Monk & Neagle were an American Contemporary Christian music duo from Amarillo, Texas, United States, being composed of Trent Monk and Michael Neagle.

The band members were Trent Monk (Lead Guitarist/Vocalist), Michael Neagle (Lead Guitarist/Vocalist), John Catchings (Cello), David Davidson (Violin), Dan Needham (Drums), Steve Brewster (Drums), Ben Shive (Accordion/Piano/Wurlitzer), Calvin Turner (Bass Guitar), Jovaun Woods (Background Vocals), Jerard Woods (Background Vocals) and Paul Moak (Electric Guitar).

History
Monk and Neagle met in college; after graduating, Neagle worked as a pastor while Monk released two solo albums through Grassroots Music, I Wait (1999) and Stars Would Fall (2003). 

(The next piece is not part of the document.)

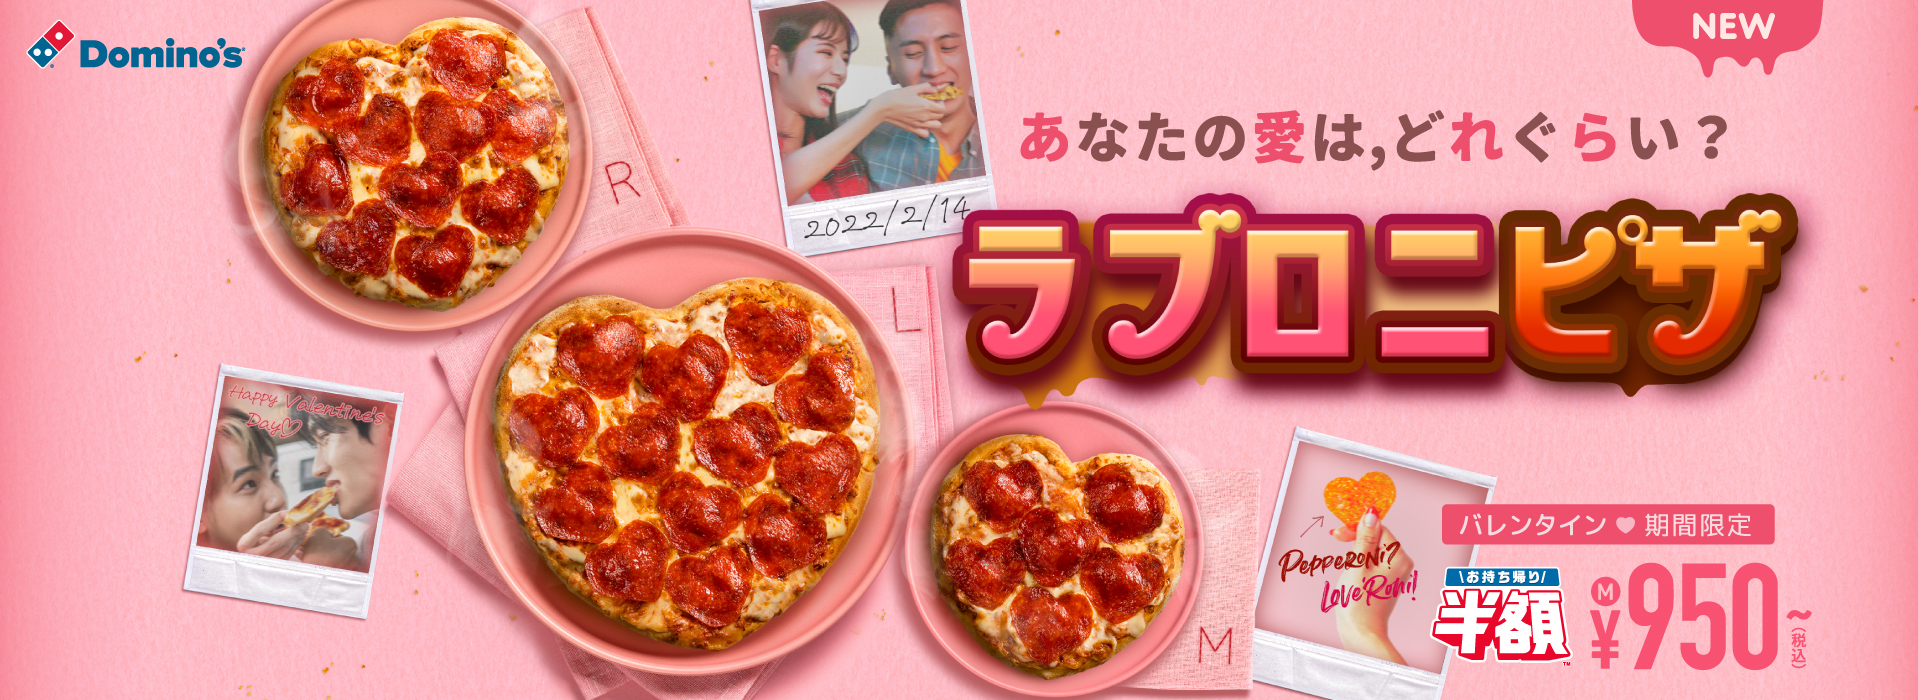 ドミノ ピザ バレンタイン限定 ラブロニピザ 1月31日販売 あなたの愛は どれぐらい 株式会社ドミノ ピザ ジャパンのプレスリリース

In 2003, the two began performing together when Monk asked Neagle to play with him on tour with Shane and Shane. Neagle released his own independent solo record before the two officially signed with Flicker Records as a group. Their debut self-titled album followed in August 2004. Monk and Neagle as of recently have signed with Reunion Records. 

Their second album, The Twenty-First Time, was released in 2007, and peaked at #17 on Billboard's Top Christian Albums chart and #12 on the Heatseekers chart. As of January 2011, the duo's website is no longer registered, and they no longer appear on the roster of artists at Flicker Records.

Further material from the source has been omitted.